The Turanid race was a supposed sub-race of the Caucasian race in the context of a now-outdated model of dividing humanity into different races. The Turanid type was traditionally held to be most common among the populations native to Central Asia. The name is taken from the obsolete phylum of Turanian languages.

== History ==
Anthropologists of the 19th and early 20th century posited the existence of a Turanid racial type or "minor race" as a subtype of the Caucasoid race with Mongoloid admixture, situated at the boundary of the distribution of the Mongoloid and Caucasoid races.

The idea of a Turanid race came to play a role of some significance in Pan-Turkism or Turanism in the late 19th to 20th century. A "Turkish race" was proposed as a Caucasoid subtype in European literature of the period.

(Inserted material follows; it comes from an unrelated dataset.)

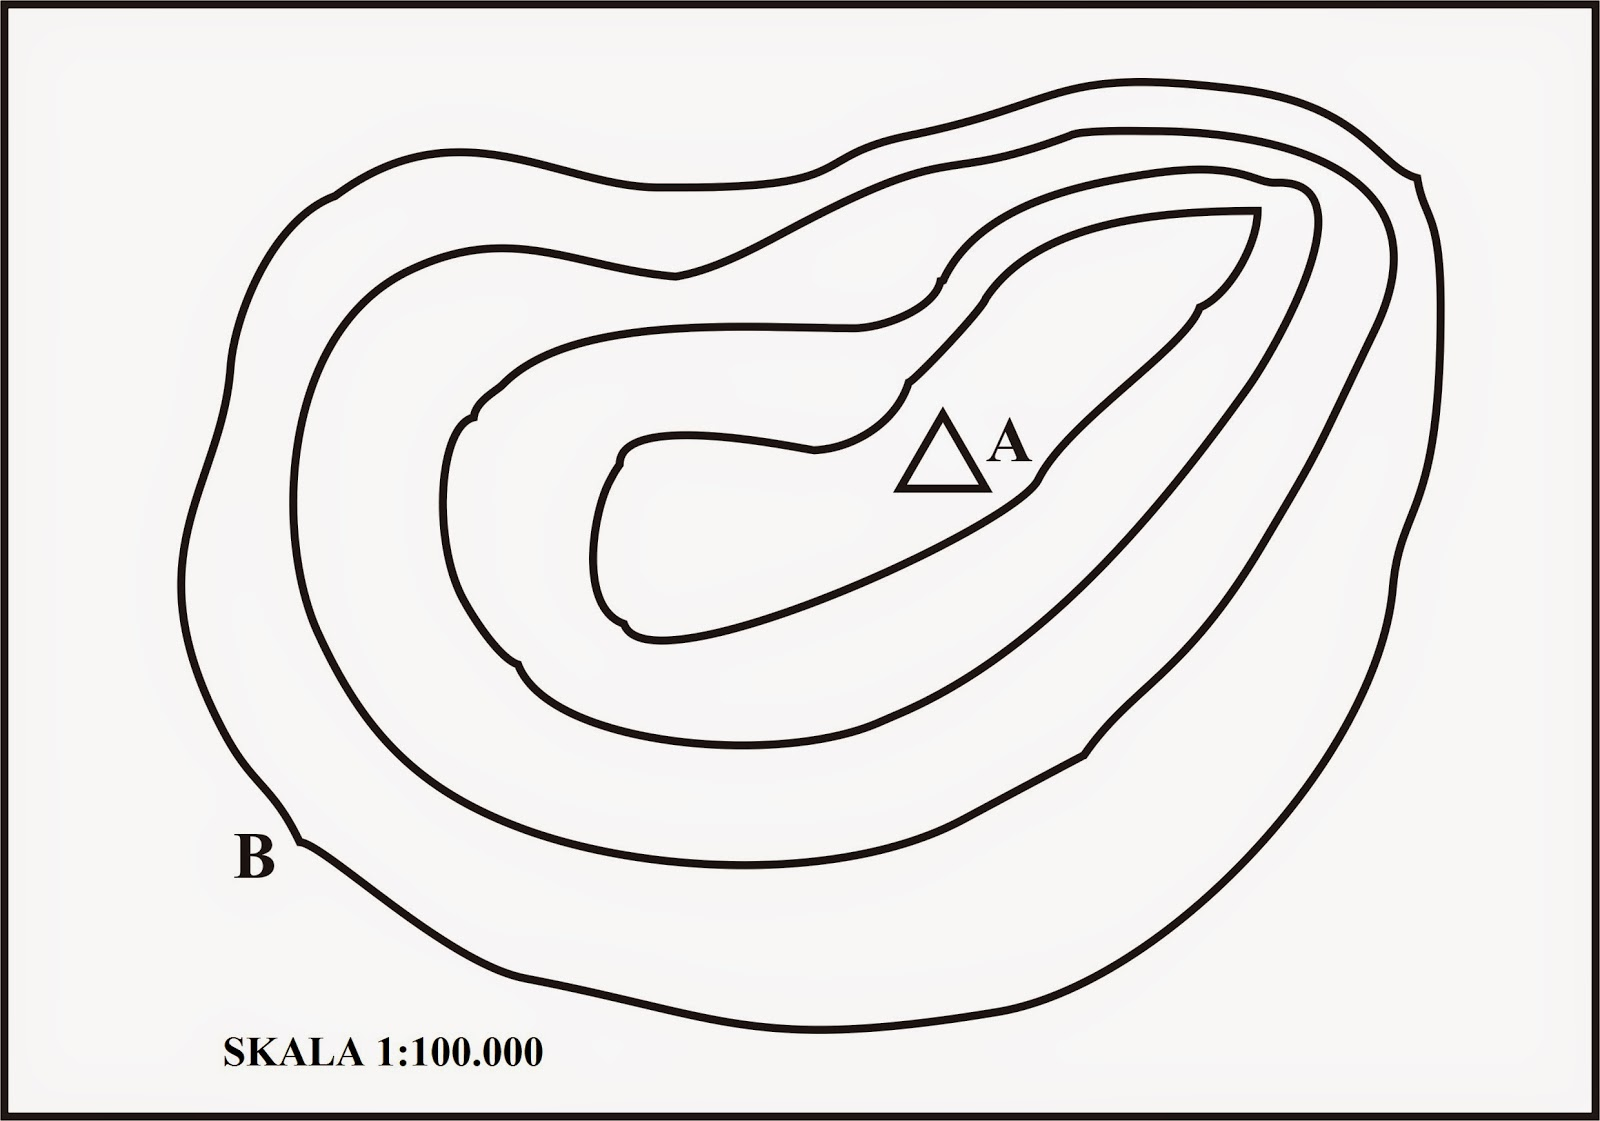 Contoh Soal Geografi Teknik Uraian - Katalog Geografi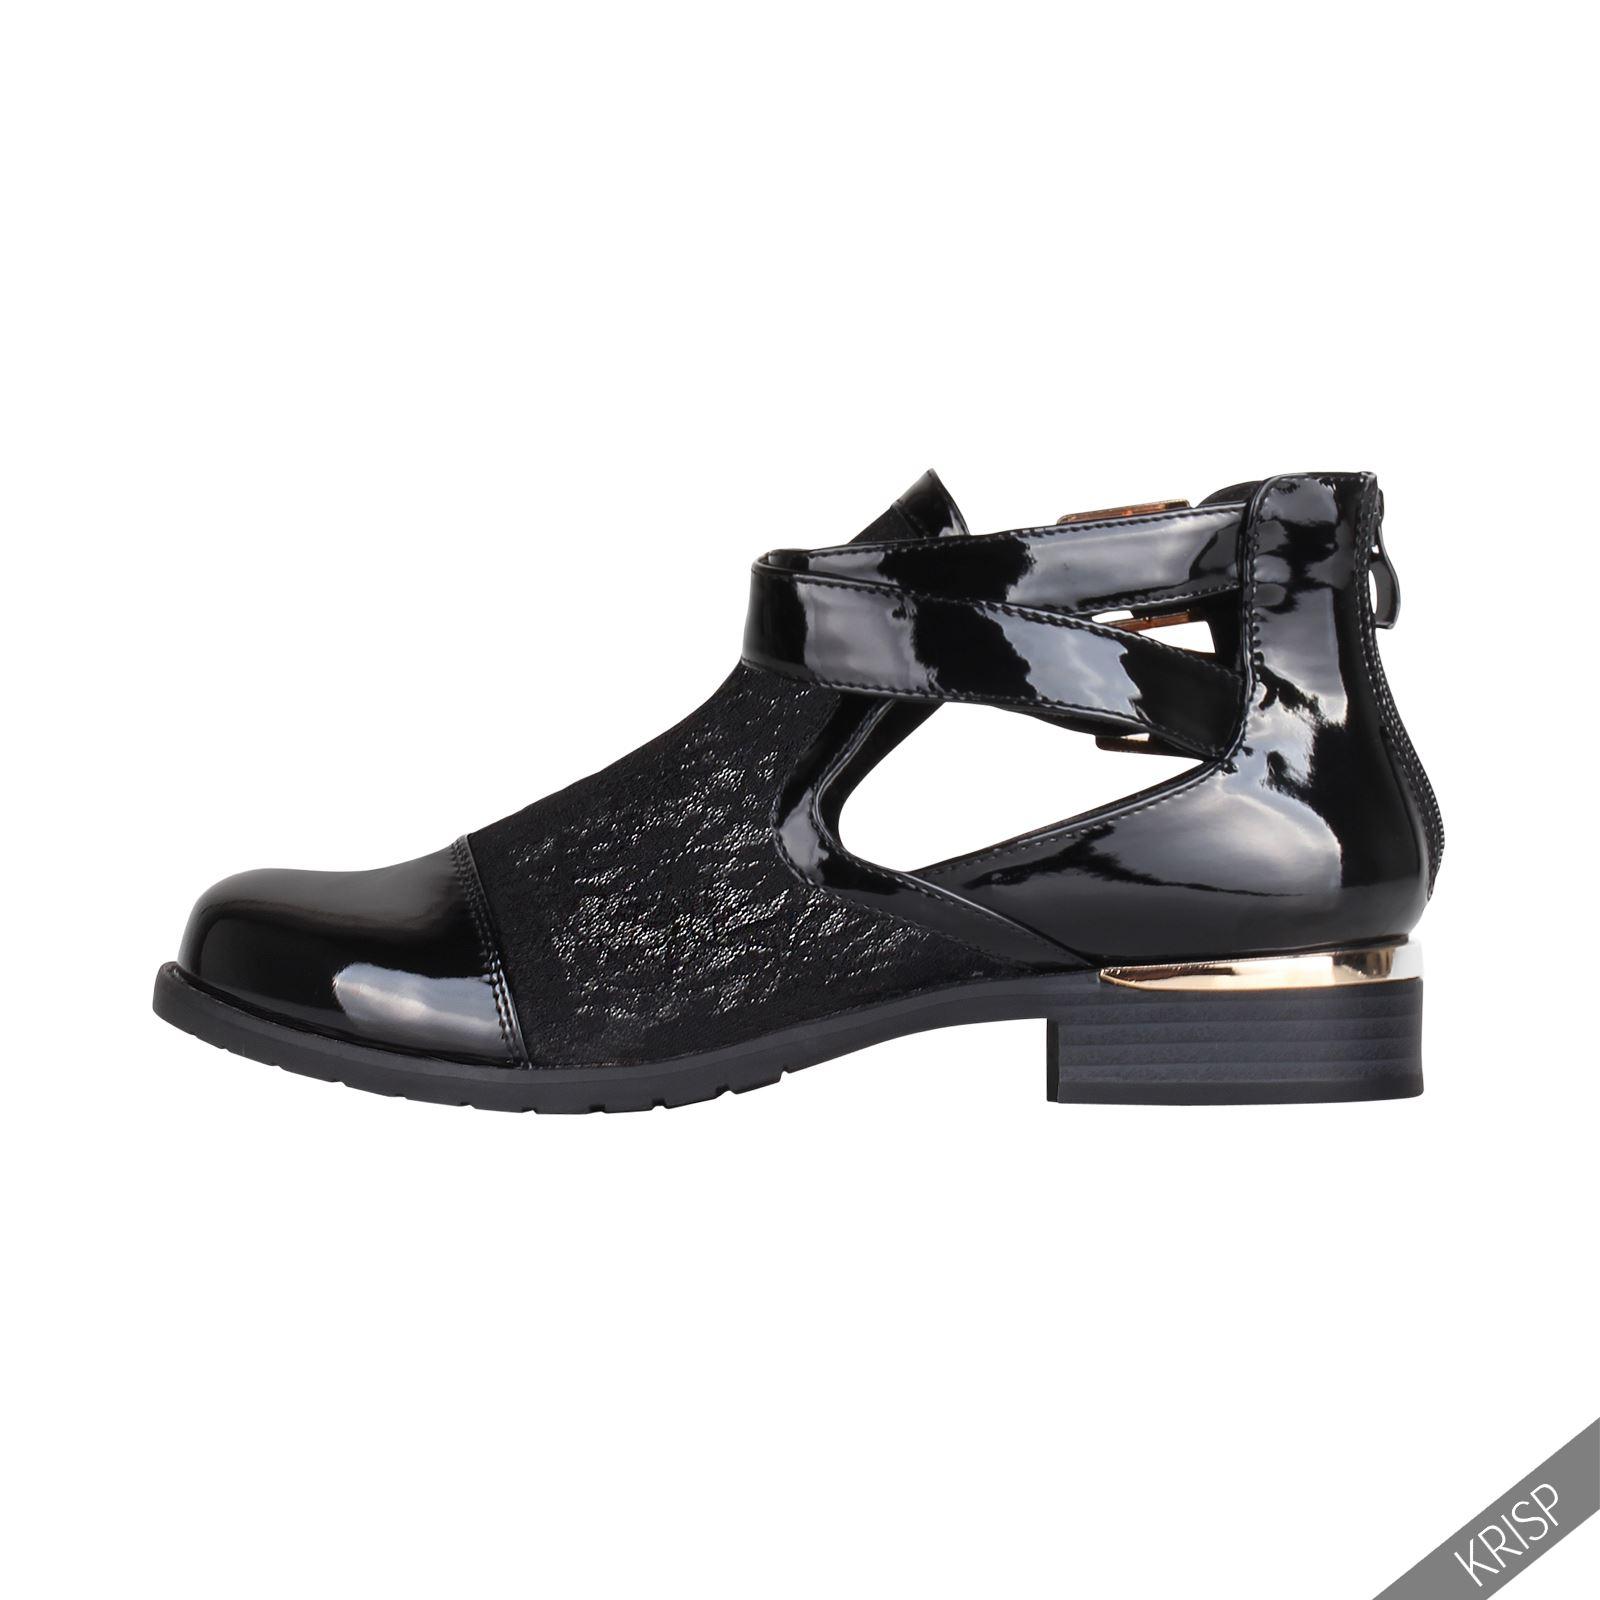 damen sommer schuhe hochglanz kunstleder boots offen fr hjahr spitze blockabsatz ebay. Black Bedroom Furniture Sets. Home Design Ideas

The most influential of these sources were Histoire Générale des Huns, des Turcs, des Mongols, et autres Tartares Occidentaux (1756–1758) by Joseph de Guignes (1721–1800), and Sketches of Central Asia (1867) by Ármin Vámbéry, which was on the common origins of Turkic groups as belonging to one race, but subdivided according to physical traits and customs, and L'histoire de l'Asie (1896) by Leon Cahun, which stressed the role of Turks in "carrying civilization to Europe", as a part of the greater "Turanid race" that included the Uralic and Altaic speaking peoples more generally. There was also an ideology of Hungarian Turanism most lively in the second half of the 19th century and in the first half of the 20th century.